A 31-year-old Sam Oyugi Abero clad in a black shirt and grey khaki pants, standing at about six feet tall welcomes me with a beaming smile despite having set up the interview on short notice.
An inquiry into his early childhood life opens me up to a life full of pain but with a resilient spirit. Due to communication difficulties, Abero says he encountered several problems with his parents, siblings and community members since they did not know sign language.
“Whenever I would see people talking and laughing in my presence, I would imagine they are talking about me and would be very angry and end up fighting with them,” he says.
Born in 1981 to Alfred Olugu and Helen Abwoc of Oyam District, Abero is the second child in a family of five. He started his education journey at Ikwera Negri School for the Disabled in Apac District in 1998 to 2005.
He joined Wakiso Secondary School for the Deaf in Wakiso District where he studied for both O and A-Level between 2005 and 2011.
After A-Level, Abero could not continue with studies for a year as his parents could not afford to send him to a higher institution of learning.
“My parents were economically incapacitated, besides most of the institutions at that time did not have sign language instructors. So I chose to go for a theological course from 2013 to 2015 at Messiah Theological Institute in Mbale, an affiliated institution to Livingstone International University,” he said.
“I had one year of internship with the same institution after my course which gave me an additional basic training on primary education,” he adds.
As such, Abero says, he is able to teach all the four core subjects of primary education due to the training he got. He now teaches deaf children at Mother Tereza Nursery and Primary school, an inclusive school in Gulu Town.
Abero, who was speaking through an interpreter, says he has taught for the last three years at the school. “Being deaf myself, I felt I needed to give back to the community and my first thought was imparting skills in deaf children,” he asserts. He teaches Primary Five and Six and says he loves the Mathematics lessons more. “These deaf children you see are very good at Maths than any other subject,” he says.
He is proud to say that in the last three years, about 100 pupils have gone through his hands and he is grateful that he has contributed to the society positively.
“The deaf children I teach have also participated in debate competitions which is a great encouragement. Last year, Mother Tereza won the debate competition about child abuse among primary schools in Pece Division, Gulu Town,” Abero recounts.
As a source of encouragement, he assures his pupils that they can also make it in life not only in formal education but also vocational training.
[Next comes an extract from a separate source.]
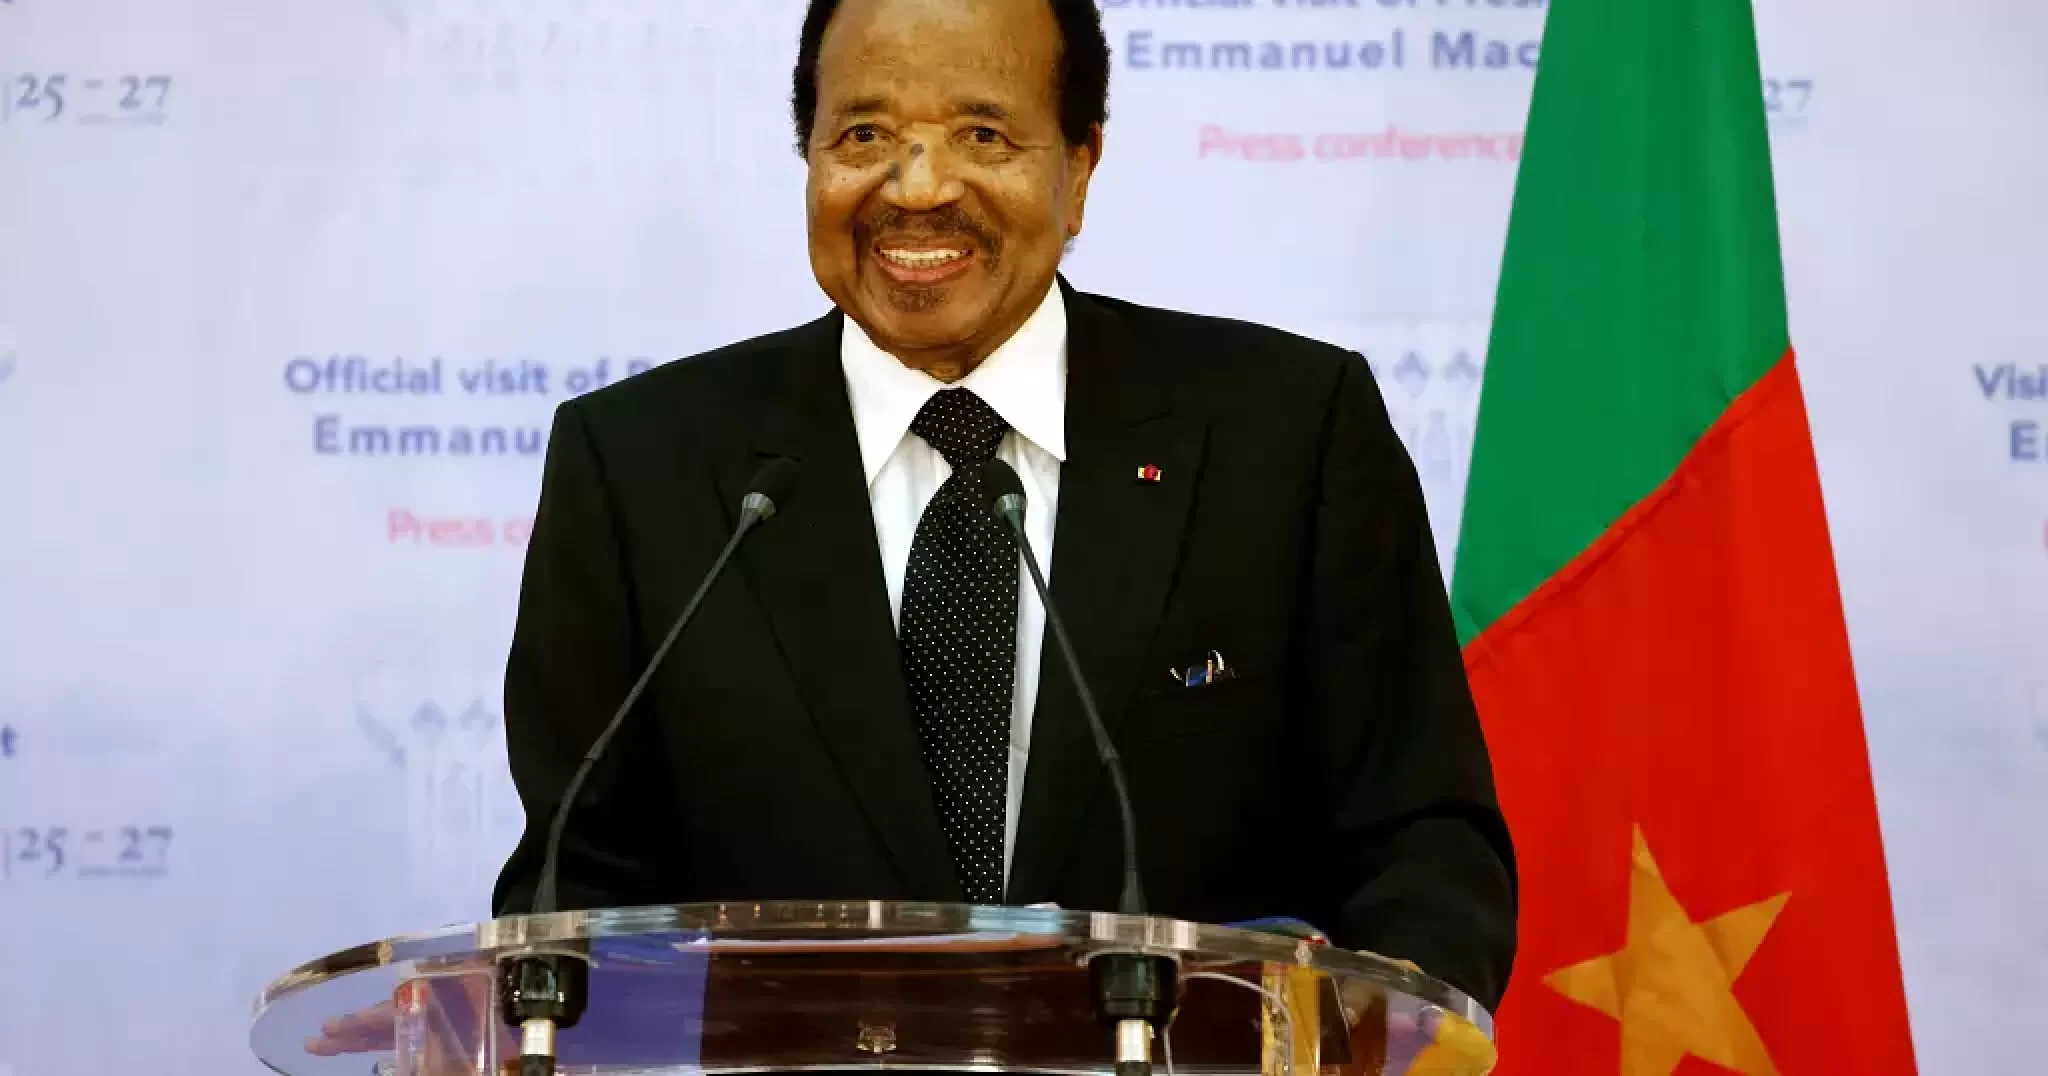 Young Cameroonians lead calls for an end to Biya’s 40-year presidency

“Some of my former pupils have not been able to make it in formal education but are superstars when it comes to vocational courses,” he said.
To ease communication between non-deaf teachers and deaf pupils in the school, Abero is training some teachers in sign language. As a way of helping reduce stigma on deaf people, the 31-year-old is reaching out to communities searching for deaf children and speaking to their parents about benefits of educating them.